Programma di giovedì 28 marzo 2019. Alle 10.15, introduzione alle Giornate e saluti istituzionali. Dalle 10.30 alle 13, tavolo di lavoro: Clust_ER BUILD Edilizia e Costruzioni: Value Chain INNOVA-CHM (Innovation in Construction and Cultural Heritage Management) Dalle 14.30 alle 17.30, convegno: lo sviluppo di un eco-sistema digitale del patrimonio culturale. Metodologie e tecnologie per la realizzazione di piattaforme abilitanti per la conoscenza, documentazione, gestione e valorizzazione del patrimonio culturale. Dalle 18 alle 20, Premio Domus Restauro e Conservazione VII edizione: cerimonia di premiazione dei progetti vincitori. Quest’anno la categoria in concorso è stata quella delle tesi di laurea, specializzazione, master e dottorato, con oltre cento iscrizioni e l’effettiva partecipazione di 71 candidati provenienti da tutti gli atenei italiani. Alla cerimonia saranno presenti i membri della Giuria del Premio: prof. Riccardo Dalla Negra (presidente), prof. Claudio Varagnoli, arch. Konstantinos Karanasos e arch. Andrea Alberti (membri) e prof. Marcello Balzani (segretario). I tre candidati premiati con la medaglia d’oro e le medaglie d’argento ex-aequo presenteranno i propri lavori, coadiuvati dai relatori che ne hanno seguito l’intero percorso formativo. Medaglia d’Oro: Elisabetta Montenegro, Scuola di Specializzazione in Beni Architettonici e del Paesaggio, Sapienza Università di Roma Relatore: Giovanni Carbonara. Medaglia d’Argento ex-aequo: Giusi Pardo Dipartimento di Architettura e Design, Politecnico di Torino Relatore: Cesare Tocci. Medaglia d’Argento ex-aequo: Simone Spampinato Dipartimento di Architettura, Università di Palermo Relatore: Gaspare Massimo Ventimiglia e Josè Ignacio Linazasoro. Premio speciale Didattica Internazionale: Prof. Javier Gallego Roca Escuela Técnica Superior de Arquitectura, Cátedra de Restauración Arquitectónica, Universidad Internacional de Andalucía (Spagna) .

A Ferrara fa discutere il progetto di ampliamento di Palazzo dei Diamanti

Programma di venerdì 29 marzo 2019. Dalle 9.30 alle 12.30, convegno: ricostruzione post sisma 2012: il punto sui cantieri del MiBAC. Il convegno ha l’obiettivo di presentare al pubblico i risultati, in termini di tutela e di miglioramento delle conoscenze storiche e tecniche, dell’attività di ispezione e di direzione tecnica dei cantieri post sisma da parte della Soprintendenza e del Segretariato Regionale.
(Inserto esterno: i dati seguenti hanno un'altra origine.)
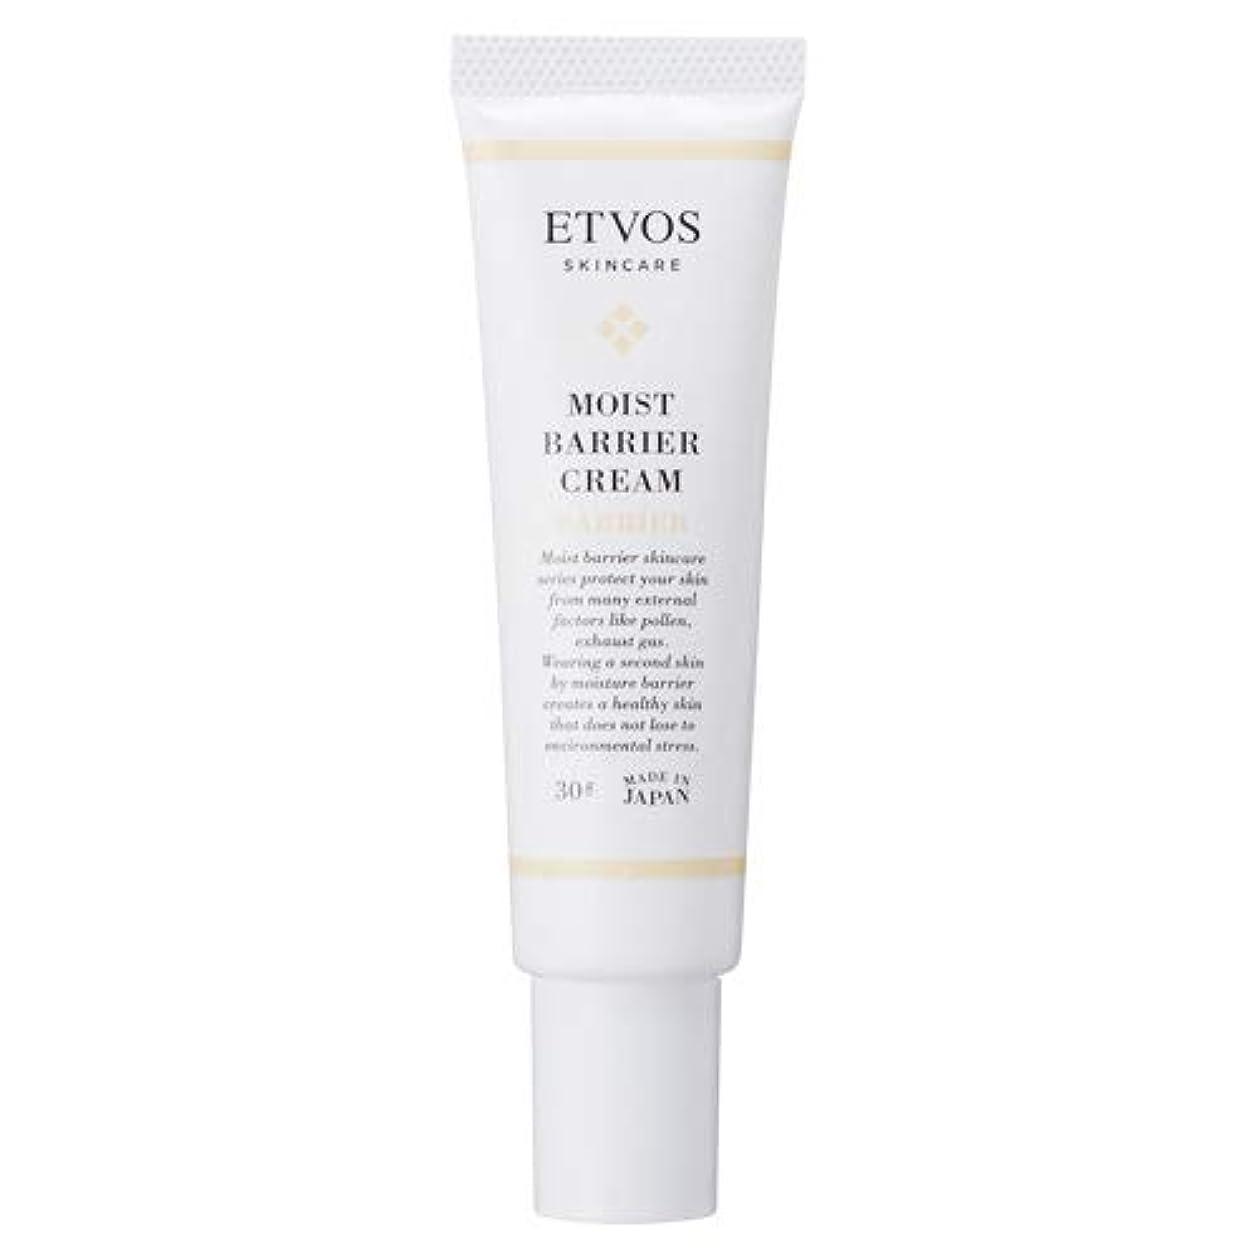 既にアフリカ人テレックスETVOS(エトヴォス) 皮膚保護クリーム モイストバリアクリーム 30g 肌荒れ/敏感肌 花粉/PM2.5/ハウスダスト

In particolare, è questa l’occasione per un consuntivo di ordine generale sull’attività degli uffici periferici del Mibac nella ricostruzione post sisma 2012, che hanno attivato numerosi cantieri pubblici e privati e un numero consistente di cantieri direttamente condotti dal Mibac. Dalle 14.30 alle 17.30, tavola rotonda: Palazzo dei Diamanti: le ragioni del SÌ, le ragioni del NO. Un tema di assoluta attualità è quello relativo alla realizzazione di un nuovo padiglione espositivo nell’area del giardino posto sul retro del Palazzo dei Diamanti di Ferrara. Dalle 17.30 alle 18, proiezione del film “L’architettura rinnova la città nel tempo”. Quindi dalle 18 alle 19.30, concerto per pianoforte con Leonardo Lucchesi.
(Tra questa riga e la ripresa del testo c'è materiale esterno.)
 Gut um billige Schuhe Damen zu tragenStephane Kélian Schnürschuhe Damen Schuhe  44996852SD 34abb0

Epicentro del sisma del 2012 in Emilia Romagna

Programma di sabato 30 marzo 2019. Dalle 9.30 alle 16.30, convegno: “Restauro e territorio: il territorio emiliano dopo il Sisma del 2012”. Prima Sessione: ostaggi della memoria o esempi dinamici di ricostruzione? Rigenerazione e rivitalizzazione dei centri storici colpiti dal sisma: azioni progettuali su larga scala (ing. Maria Romani, coordinamento degli Interventi di Ricostruzione dei Centri Storici); progetti di restauro e valorizzazione del patrimonio culturale: dalla sicurezza dell’edificio (macro scala) al restauro degli apparati decorativi (micro scala) (ing. Davide Parisi, coordinamento dei Pareri di Congruità per gli Interventi di Ricostruzione Pubblica). Seconda sessione: al di là dell’emergenza. Il rilievo del danno al patrimonio storico-artistico e primi interventi di messa in sicurezza (arch. Antonino Libro, coordinamento Interventi per la Ricostruzione Post Sisma degli Immobili Sottoposti a Tutela); predisposizione e studio di modelli specifici ad implementazione degli strumenti esistenti: scheda per la valutazione dei primi interventi di messa in sicurezza e rilievo del danno per tipologie architettoniche specifiche (Teatri, Castelli, Cimiteri) (prof.ssa Eva Coisson, associato in Restauro, università di Parma). Terza Sessione: cooperazione territoriale.